Materials and methods

Ethical approval

The present study was performed in compliance with the regulations of the Medical Ethics Committee of Peking University Third Hospital (Beijing, China; ethical approval no. LA2015205).

Chemicals and reagents

Acrolein (10 mg/ml; CAS107-02-8) was purchased from AccuStandard, Inc. (New Haven, CT, USA). Anti-3β-hydroxysteroid dehydrogenase (3β-HSD; catalog no. ab150384), anti-steroidogenic acute regulatory protein (StAR; catalog no. ab203193), anti-4-hydroxynonenal (4-HNE; catalog no. ab46545) and anti-glyceraldehyde-3-phosphate dehydrogenase (GAPDH; catalog no. ab181602) rabbit primary antibodies were obtained from Abcam (Cambridge, MA, USA). All other reagents were purchased from Sigma-Aldrich; Merck Millipore (Darmstadt, Germany) or as otherwise specified.

Animals and treatments

Pregnant Sprague-Dawley rats (n=32, with n=8 used for preliminary studies and 24 for formal studies; Vital River Laboratories, Co., Ltd., Beijing, China) were individually housed and maintained under a 12-h light/dark cycle at a controlled temperature (20–25°C) and humidity (50±5%) for one week prior to the experiments. The study was performed according to the Guide for the Care and Use of Laboratory Animals published by the National Institutes of Health (Bethesda, MD, USA). Acrolein was administered intraperitoneally (i.p.), in accordance with previous studies of maternal exposure (19). Our preliminary study revealed that rats died 4 days following injection of 10 mg/kg acrolein, and as testosterone levels in the fetal testes decreased significantly in the 5 mg/kg group, a dose of 5 mg/kg was used in the present study. A total of 24 pregnant rats at gestational days (GD) 14–20 were divided into four groups (n=6) and injected i.p. with 1, 2 or 5 mg/kg acrolein, with an equal volume of saline serving as the control according to previous studies (20,21). Pregnant rats were anesthetized with an i.p. injection of 50 mg/kg sodium pentobarbital (Sinopharm Chemical Reagent, Co., Ltd., Beijing, China) at GD 21. The fetal rats were harvested by cesarean section, weighed and dissected under a stereomicroscope. Gender was determined by morphology and the gonads. All male fetuses were sacrificed by decapitation and whole blood was collected in a tube with heparin for testosterone analysis.

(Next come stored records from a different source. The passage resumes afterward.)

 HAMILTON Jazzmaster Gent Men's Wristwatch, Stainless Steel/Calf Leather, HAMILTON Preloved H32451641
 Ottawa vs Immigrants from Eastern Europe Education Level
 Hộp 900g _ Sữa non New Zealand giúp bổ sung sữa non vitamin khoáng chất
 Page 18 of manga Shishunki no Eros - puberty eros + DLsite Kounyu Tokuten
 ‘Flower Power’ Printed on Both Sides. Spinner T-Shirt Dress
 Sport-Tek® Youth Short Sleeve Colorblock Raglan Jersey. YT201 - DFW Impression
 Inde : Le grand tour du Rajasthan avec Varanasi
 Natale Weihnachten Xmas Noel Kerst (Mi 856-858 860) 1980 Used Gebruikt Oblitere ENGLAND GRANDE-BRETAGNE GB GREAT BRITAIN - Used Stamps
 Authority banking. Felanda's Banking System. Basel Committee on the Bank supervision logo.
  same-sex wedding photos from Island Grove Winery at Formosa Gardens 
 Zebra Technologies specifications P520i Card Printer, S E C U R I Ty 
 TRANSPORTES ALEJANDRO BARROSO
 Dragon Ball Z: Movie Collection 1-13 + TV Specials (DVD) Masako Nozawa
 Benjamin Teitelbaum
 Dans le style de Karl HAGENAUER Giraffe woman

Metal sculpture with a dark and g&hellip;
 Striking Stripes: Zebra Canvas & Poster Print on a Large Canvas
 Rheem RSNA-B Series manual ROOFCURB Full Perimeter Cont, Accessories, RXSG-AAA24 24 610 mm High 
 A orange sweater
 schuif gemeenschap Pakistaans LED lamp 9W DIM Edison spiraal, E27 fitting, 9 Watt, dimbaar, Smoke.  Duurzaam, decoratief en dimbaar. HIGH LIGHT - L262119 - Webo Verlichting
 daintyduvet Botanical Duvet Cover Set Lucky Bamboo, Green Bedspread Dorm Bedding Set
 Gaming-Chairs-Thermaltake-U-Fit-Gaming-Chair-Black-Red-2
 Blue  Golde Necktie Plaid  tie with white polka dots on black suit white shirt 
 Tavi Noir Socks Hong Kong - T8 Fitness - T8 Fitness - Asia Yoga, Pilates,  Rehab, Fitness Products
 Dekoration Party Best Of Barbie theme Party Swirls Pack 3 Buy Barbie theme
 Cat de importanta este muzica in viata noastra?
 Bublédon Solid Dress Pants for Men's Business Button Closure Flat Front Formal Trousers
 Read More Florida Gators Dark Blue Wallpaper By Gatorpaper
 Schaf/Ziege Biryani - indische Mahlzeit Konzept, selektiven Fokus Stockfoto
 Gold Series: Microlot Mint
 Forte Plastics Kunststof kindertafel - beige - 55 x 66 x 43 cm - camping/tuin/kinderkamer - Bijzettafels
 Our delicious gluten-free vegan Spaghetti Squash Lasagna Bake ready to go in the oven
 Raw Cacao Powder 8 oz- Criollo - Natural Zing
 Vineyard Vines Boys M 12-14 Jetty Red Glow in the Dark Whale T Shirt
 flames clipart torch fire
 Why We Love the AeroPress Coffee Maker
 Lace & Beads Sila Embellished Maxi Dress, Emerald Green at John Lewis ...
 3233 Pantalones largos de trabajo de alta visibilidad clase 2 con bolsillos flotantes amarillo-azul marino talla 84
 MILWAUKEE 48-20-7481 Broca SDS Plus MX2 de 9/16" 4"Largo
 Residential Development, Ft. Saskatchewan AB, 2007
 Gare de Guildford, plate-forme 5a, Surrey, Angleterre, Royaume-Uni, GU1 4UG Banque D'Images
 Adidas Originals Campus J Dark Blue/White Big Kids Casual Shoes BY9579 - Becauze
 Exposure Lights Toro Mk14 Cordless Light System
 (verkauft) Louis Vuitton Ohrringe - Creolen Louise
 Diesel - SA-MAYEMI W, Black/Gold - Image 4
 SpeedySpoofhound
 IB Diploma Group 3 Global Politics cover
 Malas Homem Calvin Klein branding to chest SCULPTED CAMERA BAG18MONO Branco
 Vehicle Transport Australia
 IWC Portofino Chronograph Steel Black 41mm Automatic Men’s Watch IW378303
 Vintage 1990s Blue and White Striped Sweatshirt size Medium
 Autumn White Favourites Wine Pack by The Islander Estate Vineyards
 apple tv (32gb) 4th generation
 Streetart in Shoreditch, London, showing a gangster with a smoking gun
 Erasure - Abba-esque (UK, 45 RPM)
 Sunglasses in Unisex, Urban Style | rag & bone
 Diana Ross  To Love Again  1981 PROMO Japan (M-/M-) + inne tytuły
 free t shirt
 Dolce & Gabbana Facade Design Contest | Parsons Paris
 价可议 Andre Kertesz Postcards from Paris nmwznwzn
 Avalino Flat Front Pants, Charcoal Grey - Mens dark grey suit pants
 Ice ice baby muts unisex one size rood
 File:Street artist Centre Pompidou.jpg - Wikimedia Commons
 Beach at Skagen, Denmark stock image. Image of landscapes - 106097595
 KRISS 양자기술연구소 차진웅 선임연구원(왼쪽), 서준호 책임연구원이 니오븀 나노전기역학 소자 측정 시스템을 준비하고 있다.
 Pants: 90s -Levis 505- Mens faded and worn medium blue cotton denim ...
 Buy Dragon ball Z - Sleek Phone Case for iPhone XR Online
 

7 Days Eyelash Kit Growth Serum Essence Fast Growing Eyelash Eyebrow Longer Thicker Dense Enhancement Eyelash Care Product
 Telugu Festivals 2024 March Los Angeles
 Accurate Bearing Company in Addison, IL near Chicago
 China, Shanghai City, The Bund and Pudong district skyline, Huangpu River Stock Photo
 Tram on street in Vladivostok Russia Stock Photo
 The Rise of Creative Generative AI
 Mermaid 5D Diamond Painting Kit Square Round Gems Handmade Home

Fetal testes were aseptically removed and stored at −80°C for analysis of testosterone levels, reverse transcription-quantitative polymerase chain reaction (RT-qPCR) and histology.

RT-qPCR

Total RNA was extracted using TRIzol® reagent (Invitrogen; Thermo Fisher Scientific, Inc., Waltham, MA, USA). The quantity and quality of the purified RNA was evaluated by spectroscopy. cDNA was synthesized using a RevertAid First Strand cDNA Synthesis Kit (catalog no. K1621; Thermo Fisher Scientific, Inc.), according to the manufacturer's protocol. qPCR was performed using the SYBR® Green Master mix (Fermentas; Thermo Fisher Scientific, Inc.) and the Applied Biosystems 7500 Real-Time PCR system (Applied Biosystems; Thermo Fisher Scientific, Inc.). The cycling conditions were as follows: 1 cycle at 95°C for 5 min, and 40 cycles of amplification at 95°C for 15 sec and 60°C for 1 min. All the samples were run in duplicate using the threshold suggested by the software for the instrument to calculate the quantitation cycle (Cq). Following RT-qPCR, a melting curve analysis was performed to demonstrate the specificity of the PCR products, which revealed that the melting curve for the PCR product of each gene transcript had a single peak (data not shown). To normalize the readings, Cq values from GAPDH served as internal controls for each run, obtaining a ΔCq value for each gene. Relative alterations in the gene expression data were analyzed using the 2−ΔΔCq method (22). Primer sequences are presented in Table I.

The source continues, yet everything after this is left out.